What the task requires:
Your reply must contain the full listing below, reproduced exactly, but no pictures.

Supplied data:
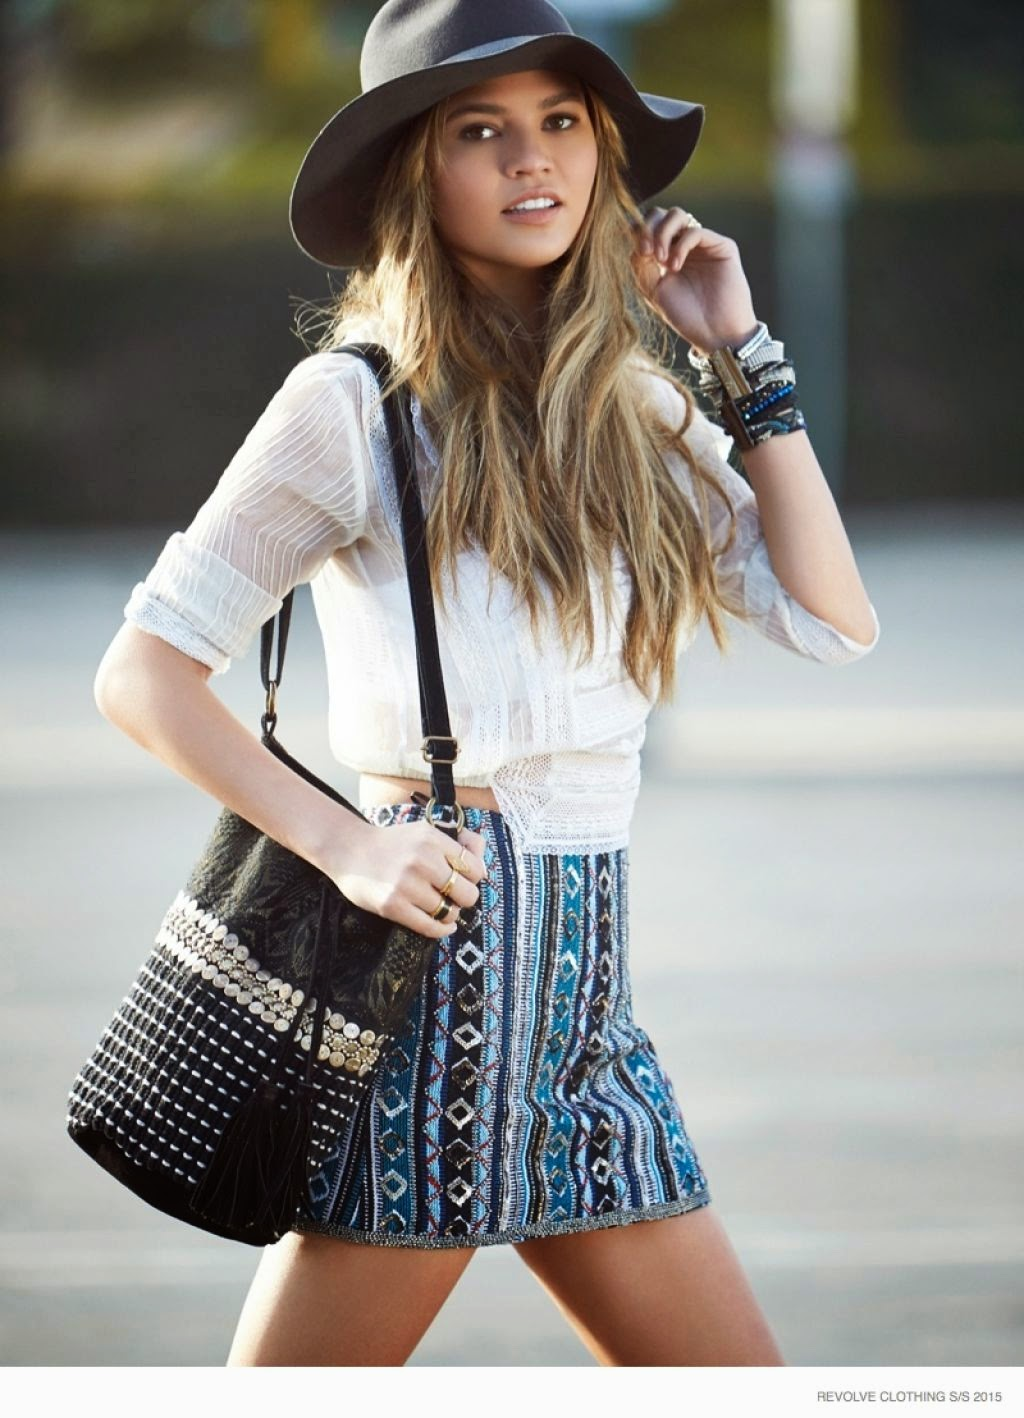 Chrissy Teigen poses for the Revolve Spring/Summer 2015 Lookbook
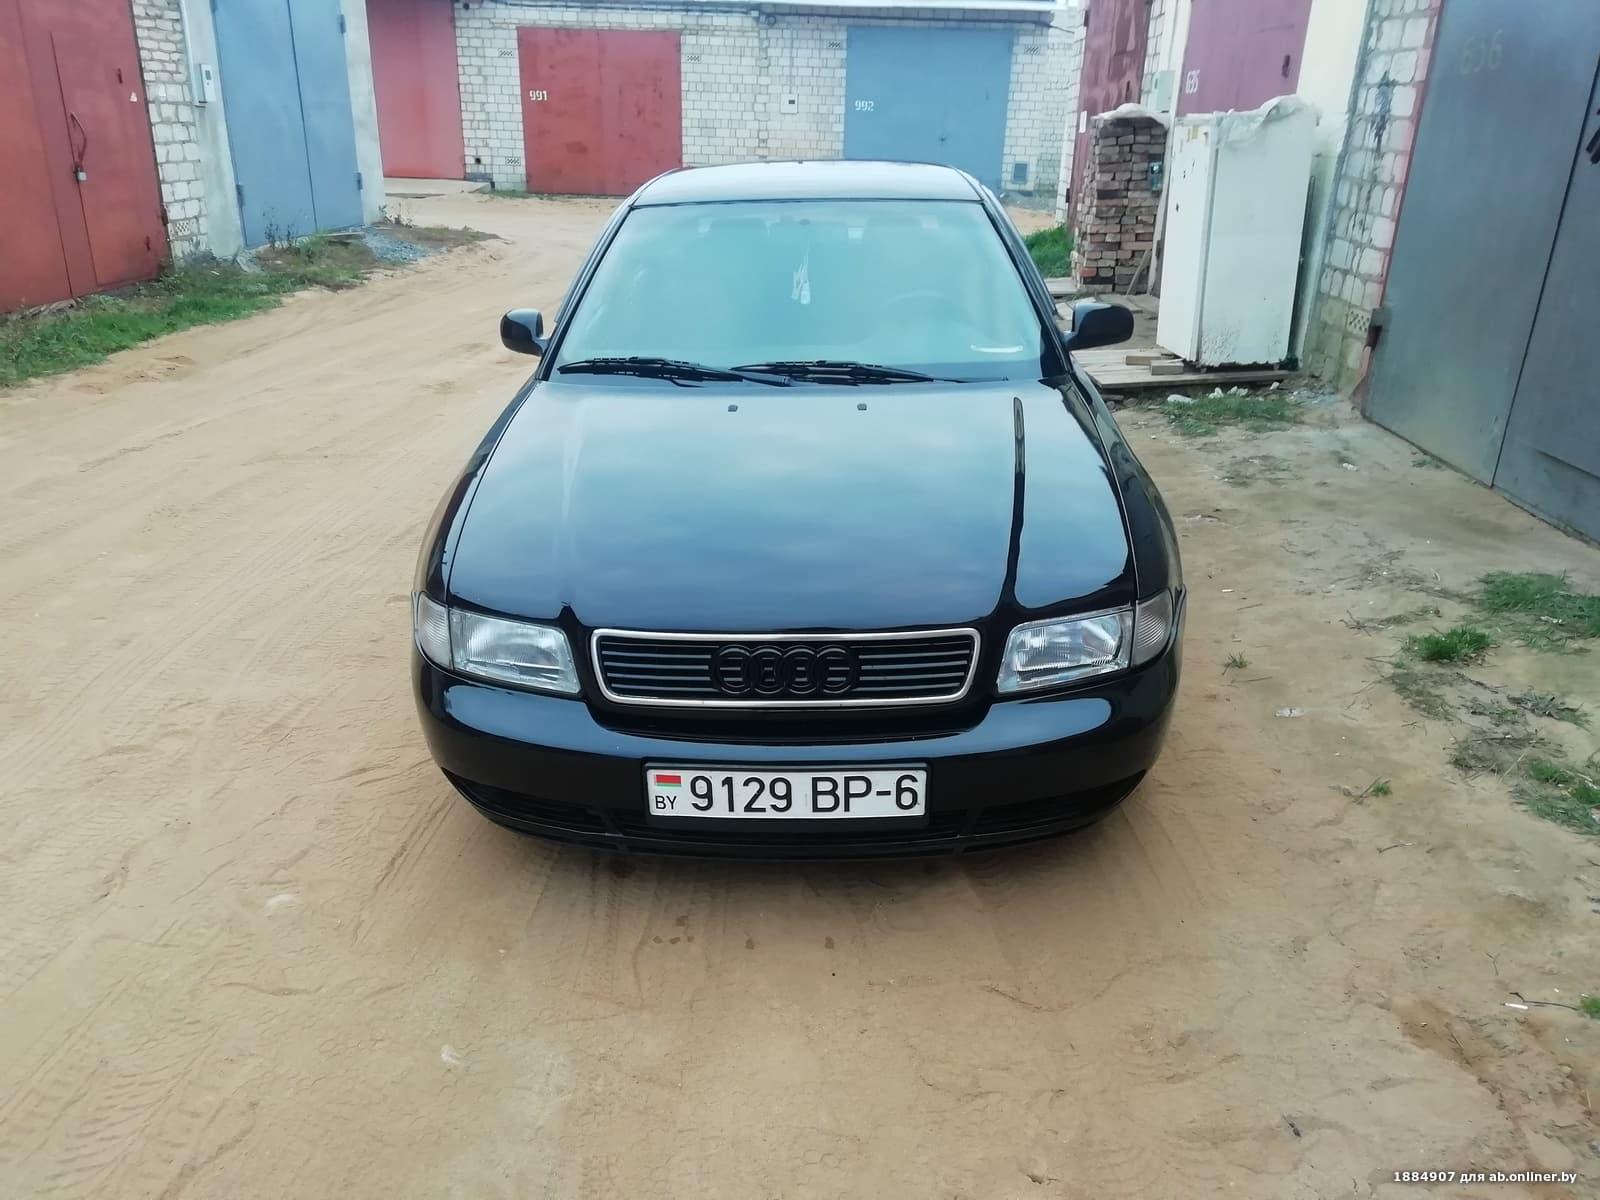 Audi A4 Б5
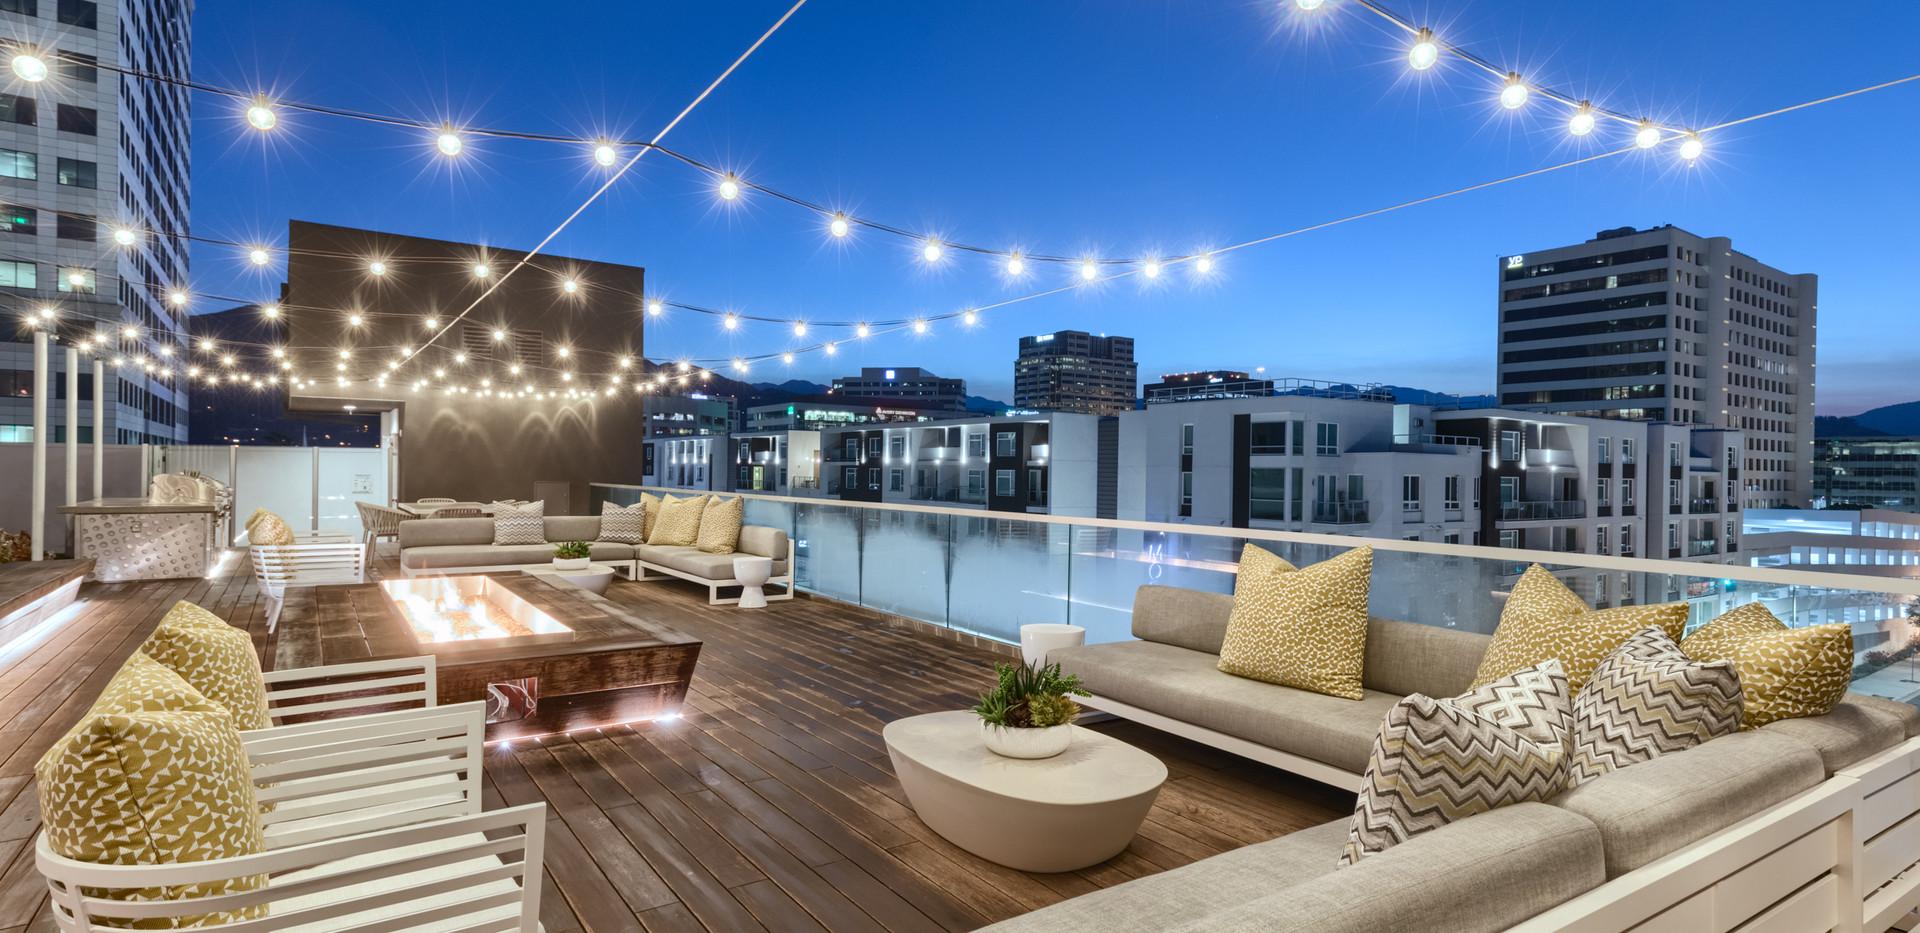 Roof Deck Pool Lounge

Answer to the problem:
 Chrissy Teigen poses for the Revolve Spring/Summer 2015 Lookbook
 Audi A4 Б5
 Roof Deck Pool Lounge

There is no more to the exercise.